= Assignment =
The expected output is exactly the lines below, starting at the line with "Heritage Barkeep .22" and ending at the line with "Diagram shows the", both included; no other line belongs in it.

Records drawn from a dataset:
════════════════

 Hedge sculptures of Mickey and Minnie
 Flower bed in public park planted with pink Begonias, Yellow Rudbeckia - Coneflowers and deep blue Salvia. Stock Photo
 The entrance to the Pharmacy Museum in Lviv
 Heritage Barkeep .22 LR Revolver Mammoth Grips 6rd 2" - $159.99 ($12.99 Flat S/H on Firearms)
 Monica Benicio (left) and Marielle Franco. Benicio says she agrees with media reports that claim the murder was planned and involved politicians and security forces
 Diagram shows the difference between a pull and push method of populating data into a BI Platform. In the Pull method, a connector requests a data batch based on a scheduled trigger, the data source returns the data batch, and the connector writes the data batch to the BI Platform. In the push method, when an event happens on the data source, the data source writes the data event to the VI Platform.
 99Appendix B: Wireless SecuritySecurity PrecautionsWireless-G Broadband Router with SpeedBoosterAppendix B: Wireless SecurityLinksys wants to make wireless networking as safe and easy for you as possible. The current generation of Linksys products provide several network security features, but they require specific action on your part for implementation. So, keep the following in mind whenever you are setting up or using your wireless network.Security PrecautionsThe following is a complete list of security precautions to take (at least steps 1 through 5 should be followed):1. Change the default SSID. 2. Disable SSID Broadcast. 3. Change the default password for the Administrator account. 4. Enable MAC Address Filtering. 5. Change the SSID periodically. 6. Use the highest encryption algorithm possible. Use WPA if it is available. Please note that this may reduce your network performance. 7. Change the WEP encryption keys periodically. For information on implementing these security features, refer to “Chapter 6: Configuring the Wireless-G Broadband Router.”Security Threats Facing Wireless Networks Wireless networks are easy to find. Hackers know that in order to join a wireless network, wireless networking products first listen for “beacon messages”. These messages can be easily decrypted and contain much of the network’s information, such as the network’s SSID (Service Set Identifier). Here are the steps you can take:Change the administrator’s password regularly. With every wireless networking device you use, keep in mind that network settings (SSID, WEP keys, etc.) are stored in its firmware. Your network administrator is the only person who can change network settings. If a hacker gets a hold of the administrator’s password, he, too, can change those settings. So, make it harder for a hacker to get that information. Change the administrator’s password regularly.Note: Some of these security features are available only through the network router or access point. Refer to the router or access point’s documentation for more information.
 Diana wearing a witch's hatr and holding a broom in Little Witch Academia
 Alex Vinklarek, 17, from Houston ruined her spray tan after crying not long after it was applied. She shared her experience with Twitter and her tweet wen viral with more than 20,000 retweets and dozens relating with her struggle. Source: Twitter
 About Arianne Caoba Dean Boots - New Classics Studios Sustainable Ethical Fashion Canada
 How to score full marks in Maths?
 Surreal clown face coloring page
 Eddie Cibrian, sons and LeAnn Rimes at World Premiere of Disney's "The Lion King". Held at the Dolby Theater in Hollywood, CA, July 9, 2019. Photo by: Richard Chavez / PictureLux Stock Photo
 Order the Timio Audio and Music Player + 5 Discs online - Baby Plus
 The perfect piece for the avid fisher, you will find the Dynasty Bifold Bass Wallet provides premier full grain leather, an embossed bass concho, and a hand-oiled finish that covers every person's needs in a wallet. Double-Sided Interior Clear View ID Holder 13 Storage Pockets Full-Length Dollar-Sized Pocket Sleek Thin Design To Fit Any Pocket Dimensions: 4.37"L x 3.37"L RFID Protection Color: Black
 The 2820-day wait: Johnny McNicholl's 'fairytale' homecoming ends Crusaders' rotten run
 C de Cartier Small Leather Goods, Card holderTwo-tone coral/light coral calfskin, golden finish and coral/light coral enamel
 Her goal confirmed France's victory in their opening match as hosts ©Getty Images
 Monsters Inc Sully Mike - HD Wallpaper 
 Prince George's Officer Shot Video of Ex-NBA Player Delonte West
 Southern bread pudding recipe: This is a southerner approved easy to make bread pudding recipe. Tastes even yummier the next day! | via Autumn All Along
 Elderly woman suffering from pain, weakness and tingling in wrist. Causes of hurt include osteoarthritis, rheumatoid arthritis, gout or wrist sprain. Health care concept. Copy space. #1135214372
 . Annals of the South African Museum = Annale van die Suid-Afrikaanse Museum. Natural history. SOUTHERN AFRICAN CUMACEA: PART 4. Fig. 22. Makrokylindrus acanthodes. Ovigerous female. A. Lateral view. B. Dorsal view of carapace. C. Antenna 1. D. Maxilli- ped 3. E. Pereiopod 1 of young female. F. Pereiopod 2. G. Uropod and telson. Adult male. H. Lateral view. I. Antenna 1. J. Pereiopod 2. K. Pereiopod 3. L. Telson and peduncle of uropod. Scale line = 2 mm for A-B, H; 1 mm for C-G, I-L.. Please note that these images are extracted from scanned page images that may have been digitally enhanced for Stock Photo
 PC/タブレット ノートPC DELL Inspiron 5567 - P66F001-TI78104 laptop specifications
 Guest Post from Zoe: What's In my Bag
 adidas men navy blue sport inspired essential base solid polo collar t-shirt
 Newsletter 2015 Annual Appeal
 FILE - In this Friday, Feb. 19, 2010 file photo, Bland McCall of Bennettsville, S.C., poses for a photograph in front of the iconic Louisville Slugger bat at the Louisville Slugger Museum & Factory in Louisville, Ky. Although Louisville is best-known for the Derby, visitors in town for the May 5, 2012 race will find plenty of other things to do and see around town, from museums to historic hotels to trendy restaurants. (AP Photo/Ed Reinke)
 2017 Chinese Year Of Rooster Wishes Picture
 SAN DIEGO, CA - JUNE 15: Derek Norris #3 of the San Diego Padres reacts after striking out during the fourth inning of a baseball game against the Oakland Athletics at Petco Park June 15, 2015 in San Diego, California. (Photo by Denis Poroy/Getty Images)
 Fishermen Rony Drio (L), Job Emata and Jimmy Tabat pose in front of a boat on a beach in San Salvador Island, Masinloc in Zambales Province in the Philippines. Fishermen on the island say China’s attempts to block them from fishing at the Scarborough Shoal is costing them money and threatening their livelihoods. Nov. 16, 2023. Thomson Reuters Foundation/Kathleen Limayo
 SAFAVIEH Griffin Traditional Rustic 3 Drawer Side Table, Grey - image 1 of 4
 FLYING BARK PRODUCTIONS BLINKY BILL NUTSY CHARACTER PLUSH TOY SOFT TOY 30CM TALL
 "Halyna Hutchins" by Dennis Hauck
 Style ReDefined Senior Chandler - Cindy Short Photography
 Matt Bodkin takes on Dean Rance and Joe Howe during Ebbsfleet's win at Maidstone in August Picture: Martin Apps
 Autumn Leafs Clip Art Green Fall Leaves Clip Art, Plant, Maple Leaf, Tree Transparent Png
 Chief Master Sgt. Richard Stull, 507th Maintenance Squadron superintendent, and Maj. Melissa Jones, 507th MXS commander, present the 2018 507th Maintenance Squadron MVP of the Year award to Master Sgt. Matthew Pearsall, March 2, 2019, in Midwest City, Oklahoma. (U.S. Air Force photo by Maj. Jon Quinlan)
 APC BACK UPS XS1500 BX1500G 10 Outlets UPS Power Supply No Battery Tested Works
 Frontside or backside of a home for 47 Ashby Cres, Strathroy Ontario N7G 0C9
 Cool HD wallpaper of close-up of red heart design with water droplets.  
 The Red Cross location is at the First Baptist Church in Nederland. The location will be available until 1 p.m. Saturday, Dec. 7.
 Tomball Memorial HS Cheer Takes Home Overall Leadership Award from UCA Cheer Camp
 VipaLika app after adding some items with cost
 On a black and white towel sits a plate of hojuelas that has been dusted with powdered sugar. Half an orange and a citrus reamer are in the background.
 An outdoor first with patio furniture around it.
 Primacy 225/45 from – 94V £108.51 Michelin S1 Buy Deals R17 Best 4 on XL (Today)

════════════════

= Solution =
 Heritage Barkeep .22 LR Revolver Mammoth Grips 6rd 2" - $159.99 ($12.99 Flat S/H on Firearms)
 Monica Benicio (left) and Marielle Franco. Benicio says she agrees with media reports that claim the murder was planned and involved politicians and security forces
 Diagram shows the difference between a pull and push method of populating data into a BI Platform. In the Pull method, a connector requests a data batch based on a scheduled trigger, the data source returns the data batch, and the connector writes the data batch to the BI Platform. In the push method, when an event happens on the data source, the data source writes the data event to the VI Platform.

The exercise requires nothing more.